Here’s what the code will return:

shop date revenue_amount number_of_days
Shop 2 2021-05-13 4,987.56 2
Shop 2 2021-05-11 5,894.12 3
Shop 1 2021-05-08 6,874.23 2
Shop 1 2021-05-05 9,634.56 4
Shop 1 2021-05-09 9,784.33 4
Shop 1 2021-05-03 9,845.29 4
Shop 2 2021-05-12 9,966.66 4
Shop 1 2021-05-06 11,248.33 4
Shop 2 2021-05-01 11,348.22 4
Shop 1 2021-05-04 11,500.63 5
Shop 1 2021-05-10 12,235.50 7
Shop 2 2021-05-08 12,500.00 6
Shop 2 2021-05-14 12,567.45 5
Shop 1 2021-05-01 12,573.25 5
Shop 1 2021-05-13 13,250.69 4
Shop 2 2021-05-05 14,255.87 5
Shop 1 2021-05-02 14,388.14 6
Shop 1 2021-05-07 14,448.65 6
Shop 2 2021-05-03 14,574.56 8
Shop 1 2021-05-11 14,800.65 8
Shop 2 2021-05-09 15,321.89 7
Shop 2 2021-05-15 15,489.36 5
Shop 2 2021-05-07 15,517.22 5
Shop 2 2021-05-04 16,897.21 2
Shop 1 2021-05-14 17,784.25 2
Shop 1 2021-05-12 18,845.69 2
Shop 2 2021-05-02 18,847.54 2
Shop 1 2021-05-15 19,874.26 1
Shop 2 2021-05-06 21,489.22 2
Shop 2 2021-05-10 22,222.22 2

Let me explain what this result tells you.
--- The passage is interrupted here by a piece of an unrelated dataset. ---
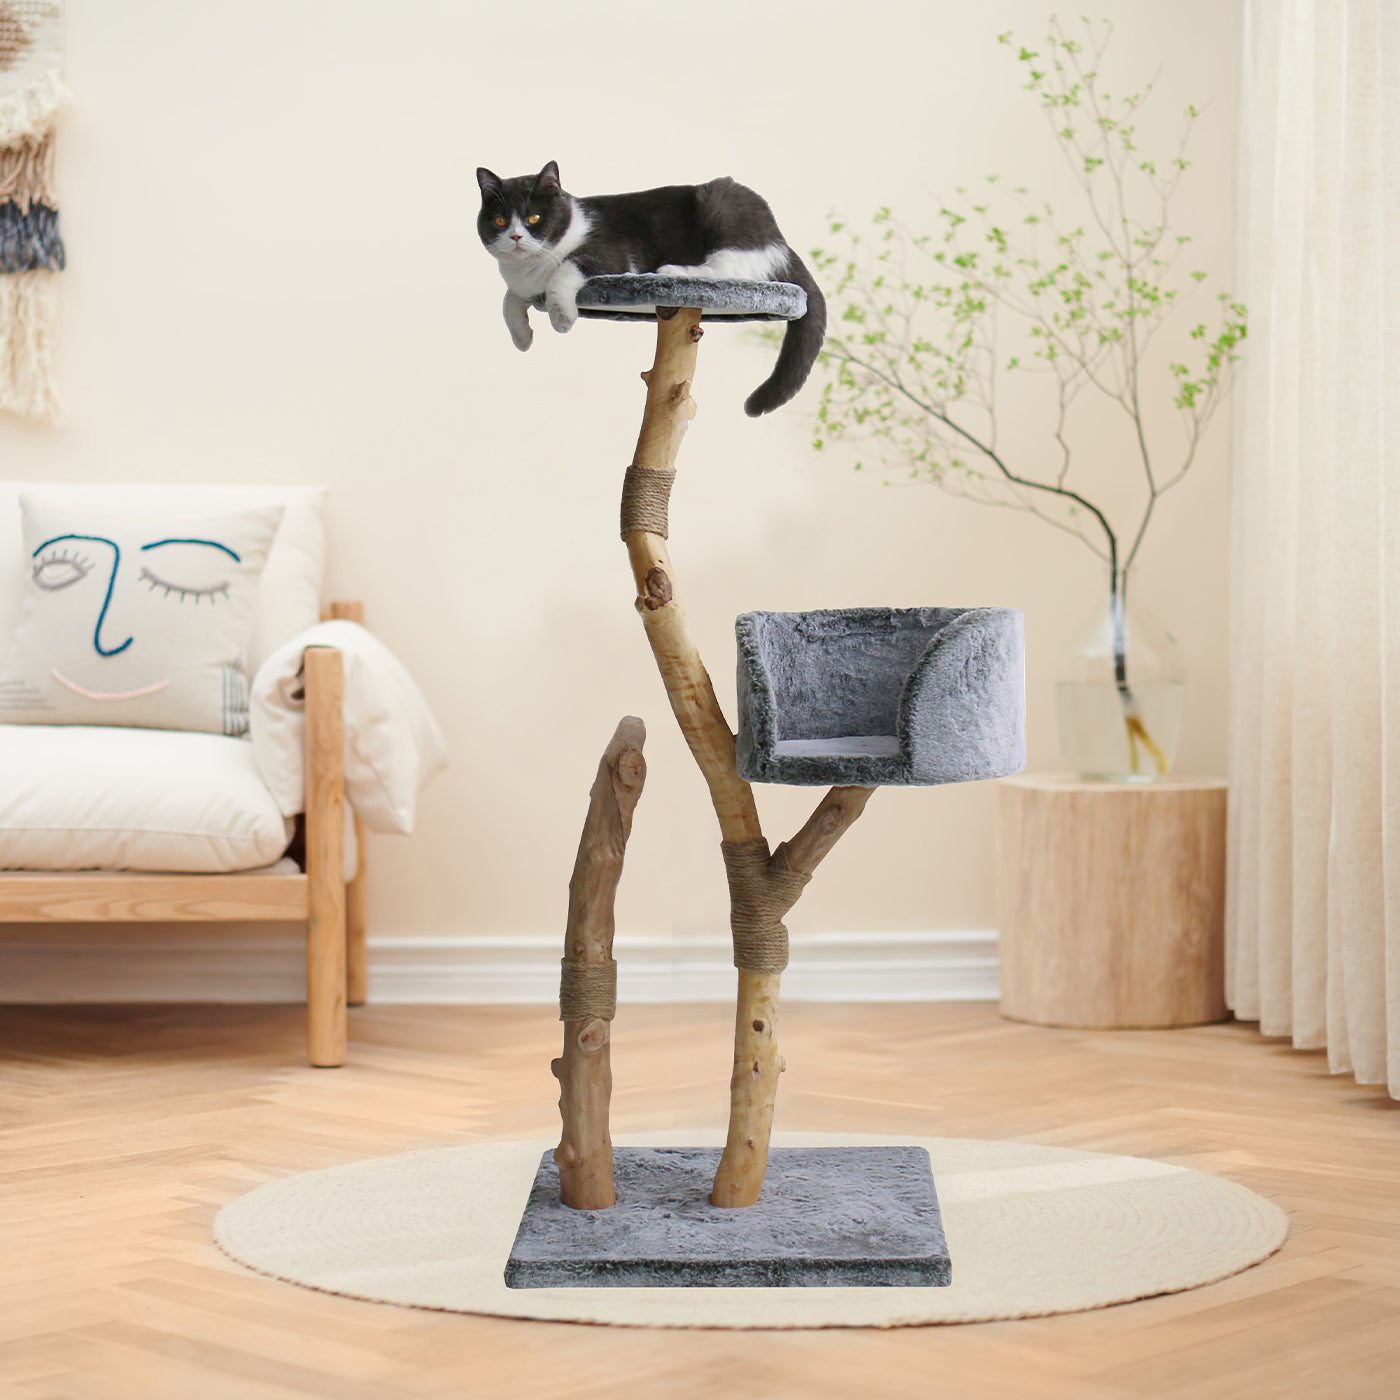 Discover our Luxury Back to Nature The Trio Cat Scratch Post. Features High Sided Cosy Platforms For Kittens and Cats To Rest, Made From Thick Natural Wood Perfect For Scratching! Available Now at Lords & Labradors

If you take the first row, the result in the column number_of_days is 2. There are two instances where the revenue is between 3,987.56 and 5,987.56. Why this range? The revenue for 2021-05-13 is 4,987.56. So 4,987.56 - 1,000 = 3,987.56 and 4,987.56 + 1,000 = 5,987.56. Do you want to check the result? Which two instances are between this range? Obviously, the first two:

shop date revenue_amount number_of_days
Shop 2 2021-05-13 4,987.56 2
Shop 2 2021-05-11 5,894.12 3

Do you want to check the second line? It says there are three instances between 4,894.12 and 6,894.12 – these three:

shop date revenue_amount number_of_days
Shop 2 2021-05-13 4,987.56 2
Shop 2 2021-05-11 5,894.12 3
Shop 1 2021-05-08 6,874.23 2

The same logic applies to the rest of the data.
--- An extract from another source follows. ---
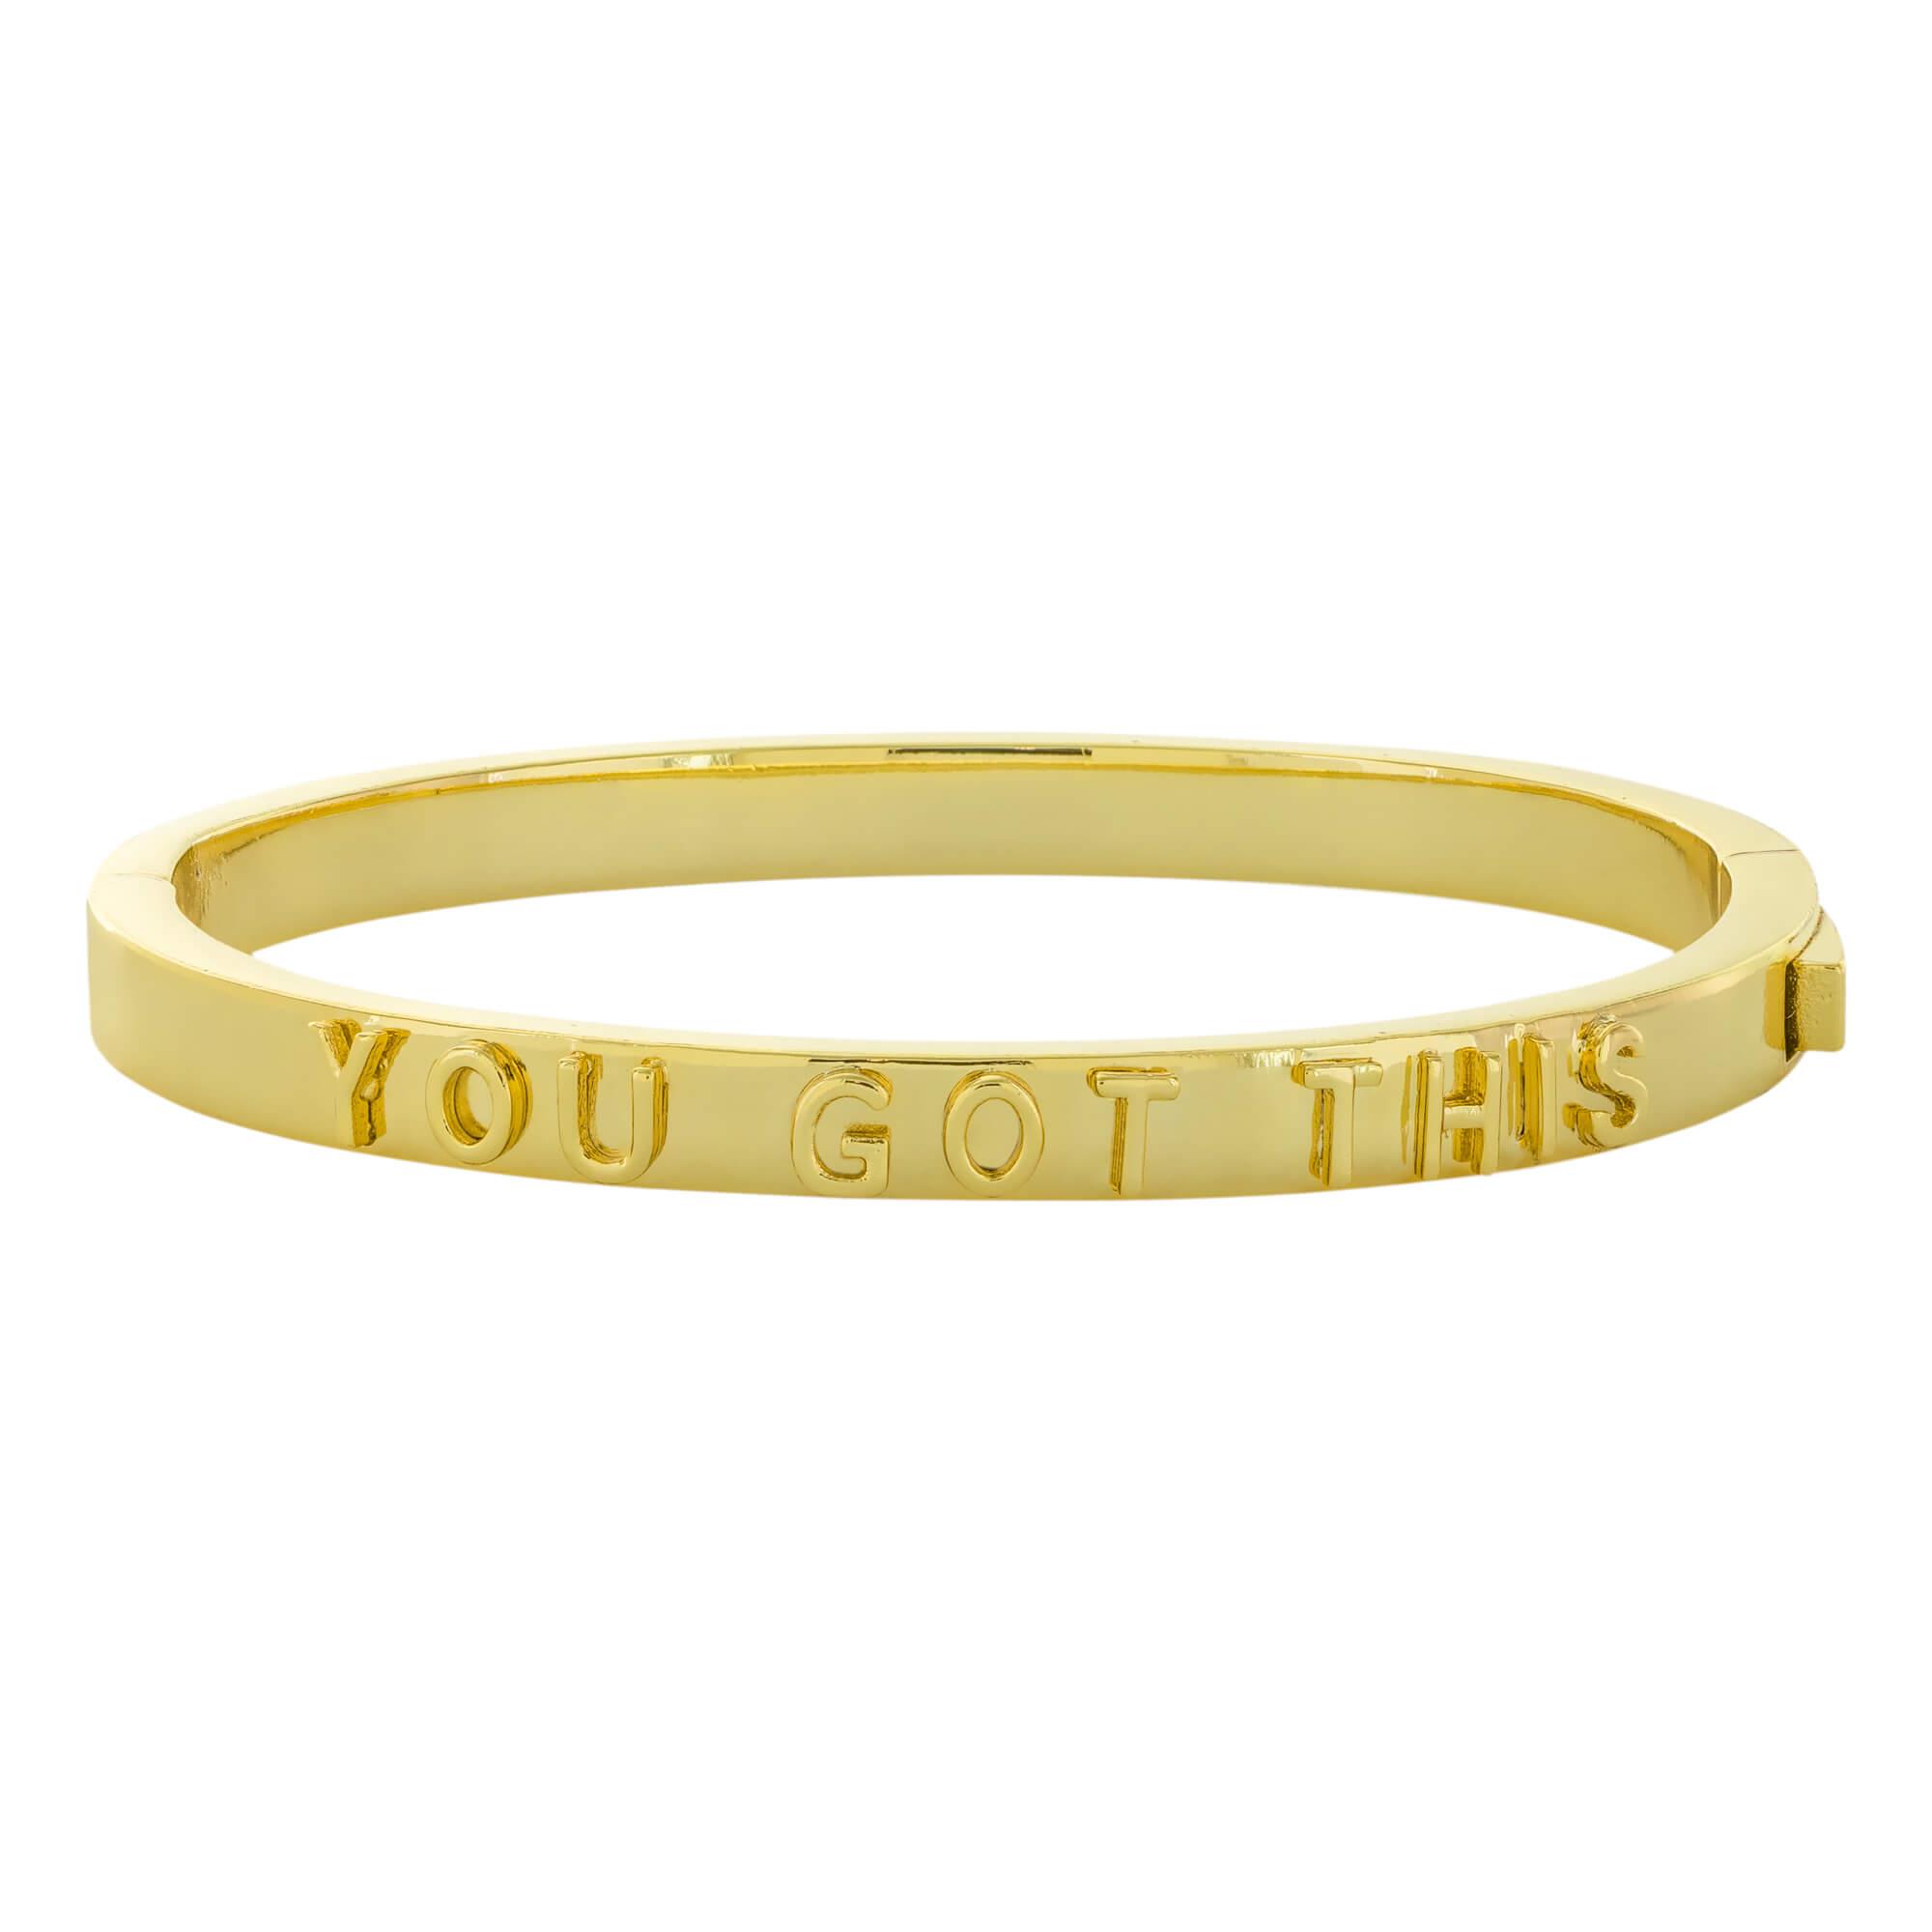 YOU GOT THIS GOLD DIPPED HINGE BRACELET

Example 5 – Find the Maximum Value

This is not as simple as it may seem; I’m not talking about the common maximum value. To find that, you wouldn’t need the RANGE clause. But how about finding the maximum value (or revenue, in this case) across five days? Those five days will include the current date, up to three days before that, and one day after the current date. You probably already know the logic after all these examples of RANGE usage. Here’s my solution:

SELECT
  shop,
  date,
  revenue_amount,
  MAX(revenue_amount) OVER (
    ORDER BY DATE
    RANGE BETWEEN INTERVAL '3' DAY PRECEDING AND INTERVAL '1' DAY FOLLOWING
  ) AS max_revenue
FROM revenue_per_shop;

I’m using the MAX() function as a window function. Yet again, I’m using it with the column revenue_amount. There is no PARTITION BY in the OVER() clause because I’m not interested in separating data on any level. Defining the range is not that difficult: RANGE BETWEEN INTERVAL '3' DAY PRECEDING AND INTERVAL '1' DAY FOLLOWING. This will include the current date, three days before it, and one day after it. Here’s the result:

shop date revenue_amount max_revenue
Shop 1 2021-05-01 12,573.25 18,847.54
Shop 2 2021-05-01 11,348.22 18,847.54
Shop 1 2021-05-02 14,388.14 18,847.54
Shop 2 2021-05-02 18,847.54 18,847.54
Shop 1 2021-05-03 9,845.29 18,847.54
Shop 2 2021-05-03 14,574.56 18,847.54
Shop 1 2021-05-04 11,500.63 18,847.54
Shop 2 2021-05-04 16,897.21 18,847.54
Shop 1 2021-05-05 9,634.56 21,489.22
Shop 2 2021-05-05 14,255.87 21,489.22
Shop 1 2021-05-06 11,248.33 21,489.22
Shop 2 2021-05-06 21,489.22 21,489.22
Shop 2 2021-05-07 15,517.22 21,489.22
Shop 1 2021-05-07 14,448.65 21,489.22
Shop 2 2021-05-08 12,500.00 21,489.22
Shop 1 2021-05-08 6,874.23 21,489.22
Shop 2 2021-05-09 15,321.89 22,222.22
Shop 1 2021-05-09 9,784.33 22,222.22
Shop 1 2021-05-10 12,235.50 22,222.22
Shop 2 2021-05-10 22,222.22 22,222.22
Shop 1 2021-05-11 14,800.65 22,222.22
Shop 2 2021-05-11 5,894.12 22,222.22
Shop 2 2021-05-12 9,966.66 22,222.22
Shop 1 2021-05-12 18,845.69 22,222.22
Shop 1 2021-05-13 13,250.69 22,222.22
Shop 2 2021-05-13 4,987.56 22,222.22
Shop 1 2021-05-14 17,784.25 19,874.26
Shop 2 2021-05-14 12,567.45 19,874.26
Shop 2 2021-05-15 15,489.36 19,874.26
Shop 1 2021-05-15 19,874.26 19,874.26

Let’s check the result for 2021-05-05. Its range is from 2021-05-02 to 2021-05-06 by date. To get the maximum revenue in that range, SQL will compare values: 14,388.14, 18,847.54, 9,845.29, 14,574.56, 11,500.63, 16,897.21, 9,634.56, 14,255.87, 11,248.33, 21,489.22. Which one is the highest? It’s 21,489.22.